I recently finished reading Jonah Lehrer's Imagine: How Creativity Works. It's an interesting book about innovation, creativity, and imagination. The book spends almost no time on the law . . . except for a brief discussion of noncompetes.

Once upon a time, Boston's Route 128 was the hot tech corridor. Lately, Silicon Valley in California has had the hot hand. What does this have to do with noncompetes?
[The Boston] companies strictly enforced noncompete clauses and nondisclosure agreements; former employees couldn't work for competitors . . . . This meant that at the Route 128 companies, information tended to flow vertically, as ideas and innovations were transferred within the firms. While this vertical system made it easier for Route 128 companies to protect their intellectual property, it also made them far less innovative . . . . Although the Boston area had a density of talent, the talent couldn't interact - each firm was a private island. The end result was a stifling of innovation. 
The vertical culture of the Boston tech sector existed in stark contrast to the horizontal interactions of Silicon Valley. Because the California firms were small and fledgling, they often had to collaborate on projects and share engineers . . . . It also helped that noncompete clauses were almost never enforced in California, thus freeing engineers and executives to quickly reenter the job market and work for competitors.

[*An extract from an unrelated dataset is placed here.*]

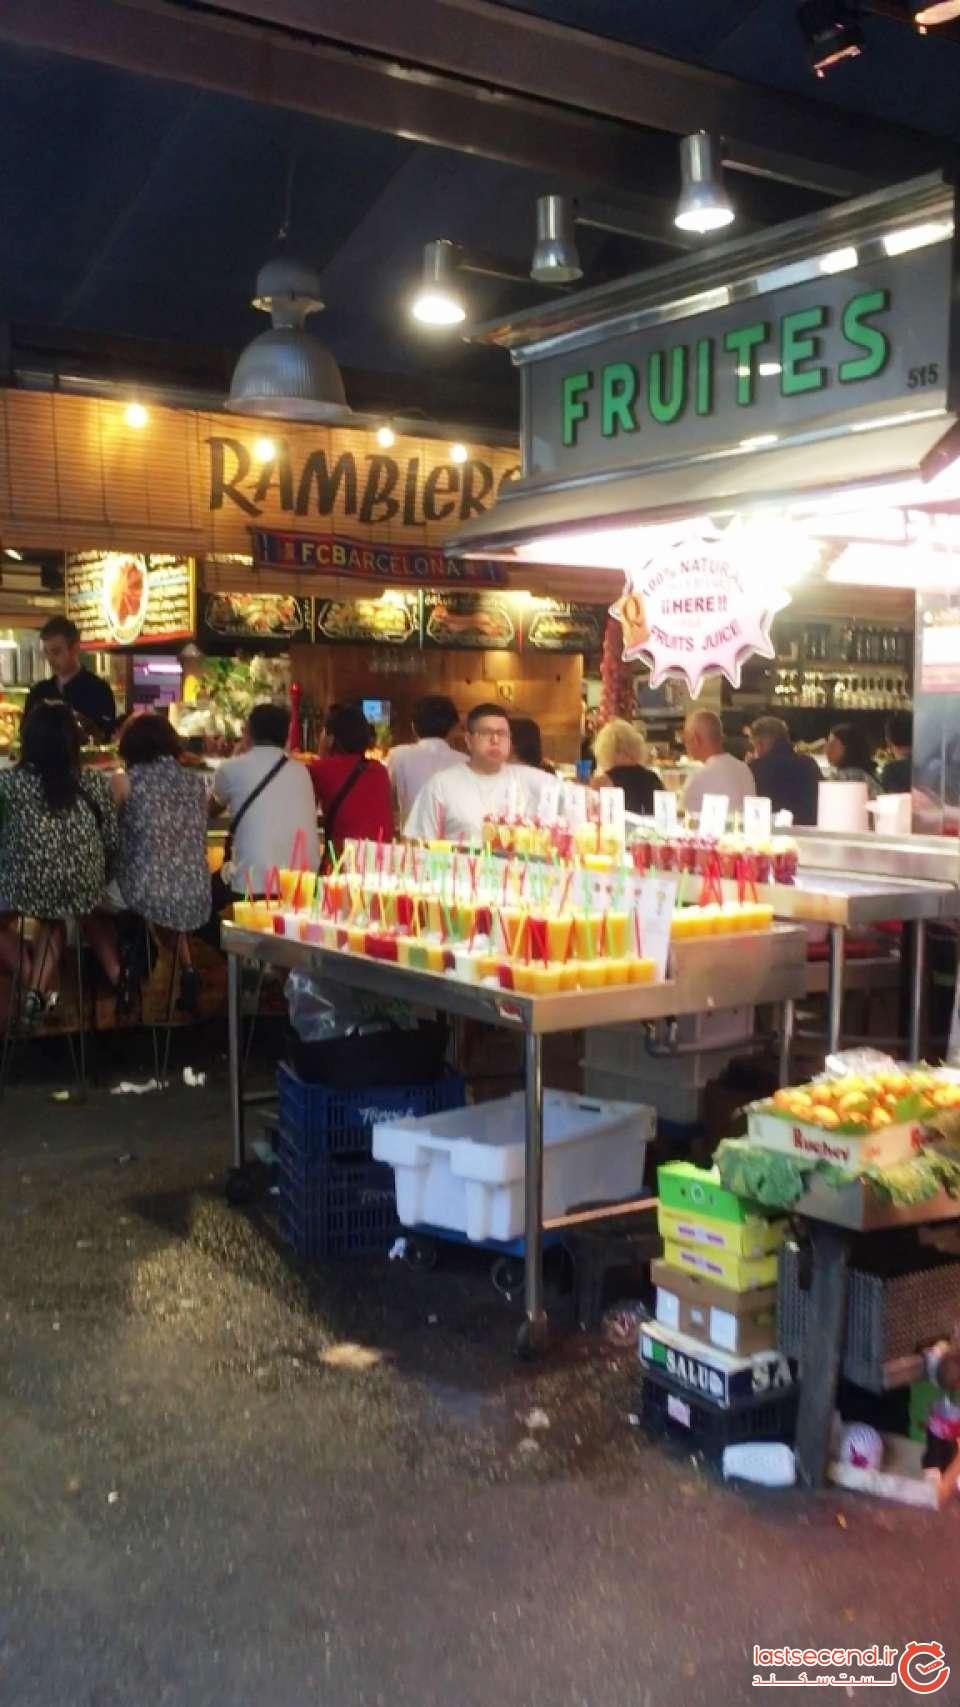 بازار روز در خیابان رامبلا بارسلونا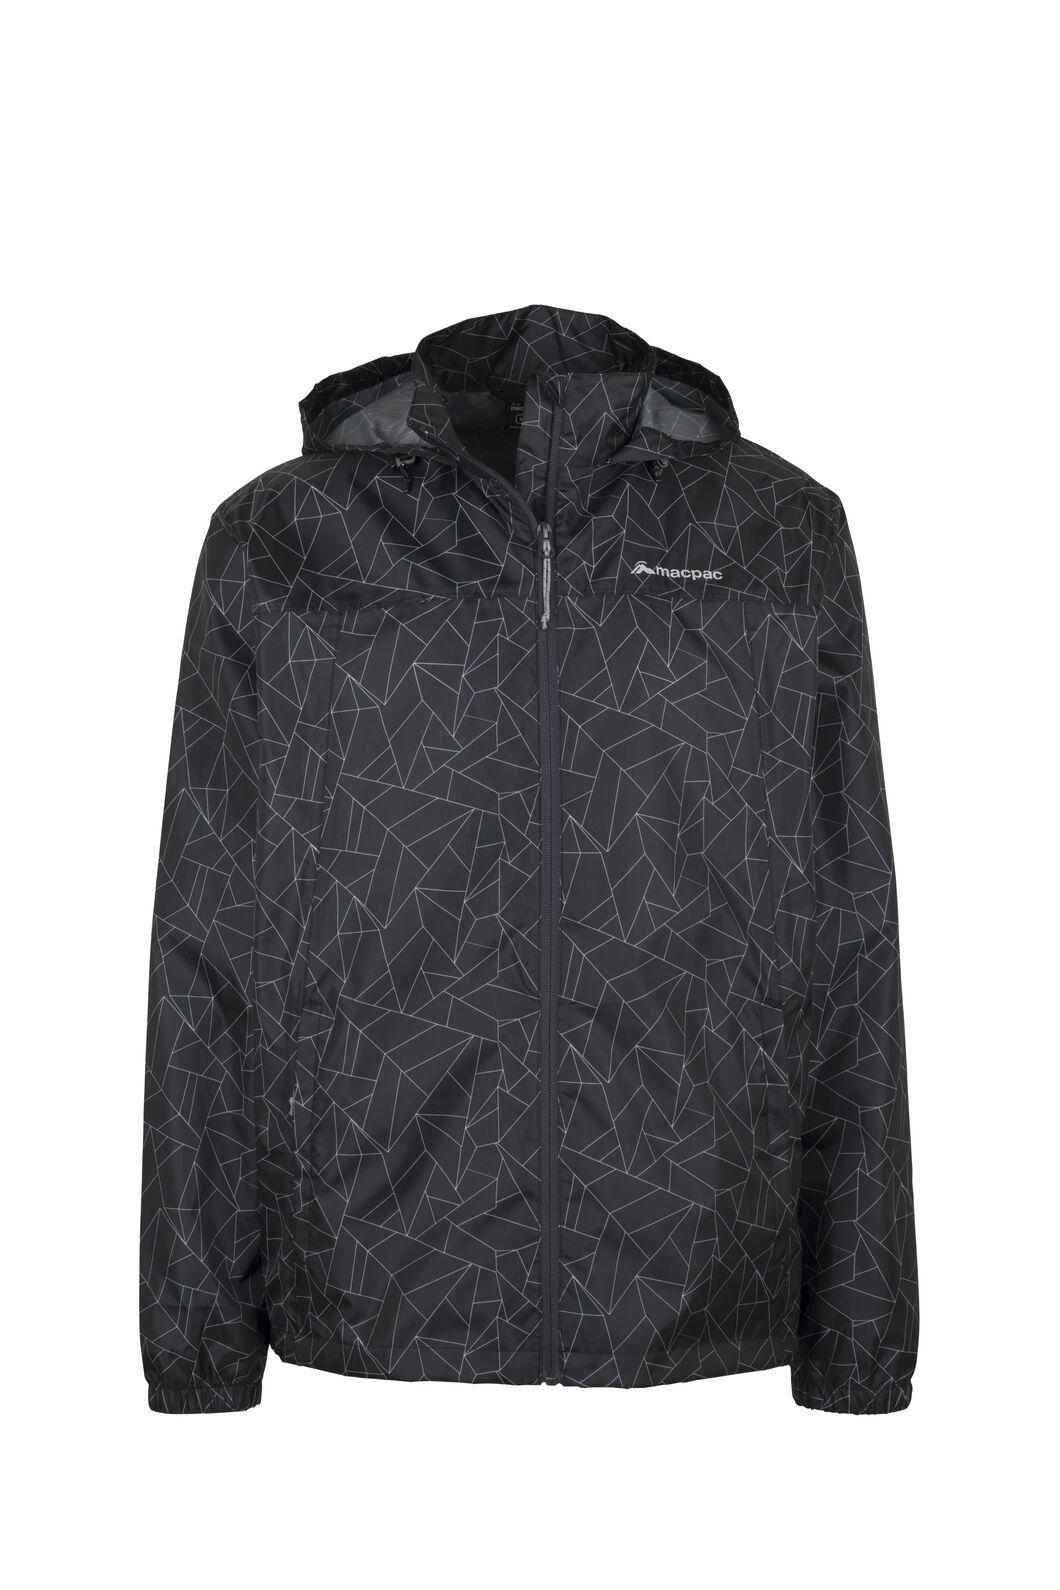 Macpac Pack-It-Jacket - Unisex, Black Geo Print, hi-res

If true, this presents something of a prisoner's dilemma for employers. The optimal strategy is to expand innovation by allowing employees (and presumably ideas) to float between firms. However, employers have an incentive to defect - that is have their own employees sign noncompetes so their ideas don't get out, while allowing other companies' ideas to come in.

Of course, there are a number of other factors to consider.